– Dr. Luncheon
Head of the Presidential Secretariat, Dr. Roger Luncheon, said Government is considering the liberalisation of the telecommunications sector, despite the leaking of documents related to such engagements to the press.
Dr. Luncheon was speaking at his post-Cabinet press briefing at the Office of the President, yesterday.
He said the process of liberalisation had seen the completion of the amendments to the existing telecommunications legislation, the production of draft licences for the two main telecommunications service providers, and draft licences for the Internet Service Providers (ISPs), as well as seven pieces of subsidiary legislation that cover the entirety of the operations of the telecommunications sector.

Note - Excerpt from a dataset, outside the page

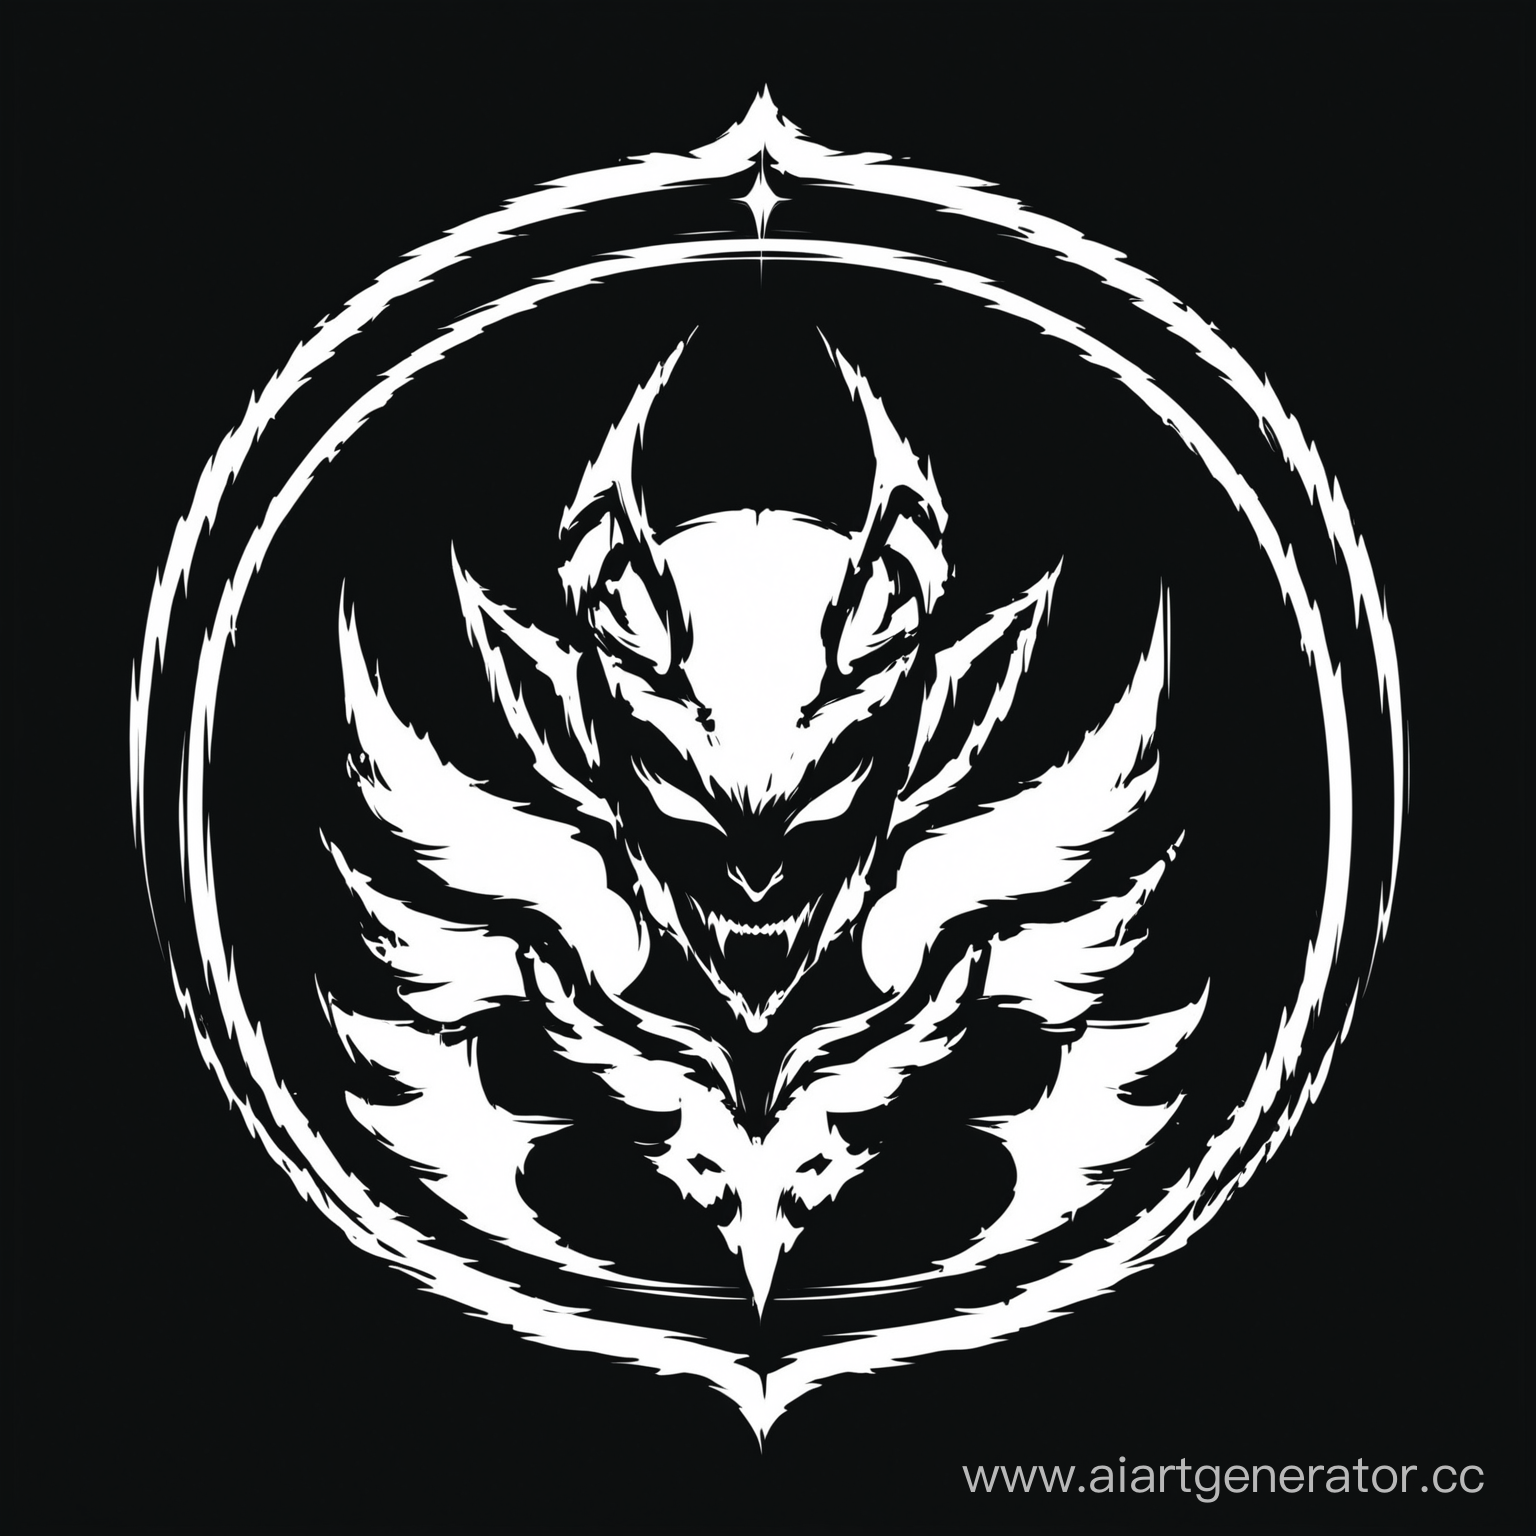 alias of people demons and angels, black and white, avatar for a fighting game, icon on a black background,minimalist

“Those documents, I want to believe, were acquired by elements in the media although they were shared by this office exclusively with ISPs and telecommunication service providers. Comments solicited from those immediate stakeholders indicate that the response was gratifying, both from the telecommunications service providers as well as from the ISPs,” he said.
Dr. Luncheon said that encounters between the ISPs and the telecommunications service providers were held when the documents were shared both in hard and soft copies, “and our plan was to, on receipt of totality of comments, we would have pursued public consultations almost simultaneously with the engagements with the telecommunications service providers on their submission in response to the drafts to licences, to the draft regulations, and to the draft amendment.”
Government has been voicing its concerns for some time now about breaking the monopoly held by the Guyana Telephone and Telegraph Company Limited to allow for the full development of the telecommunications and ICT sectors.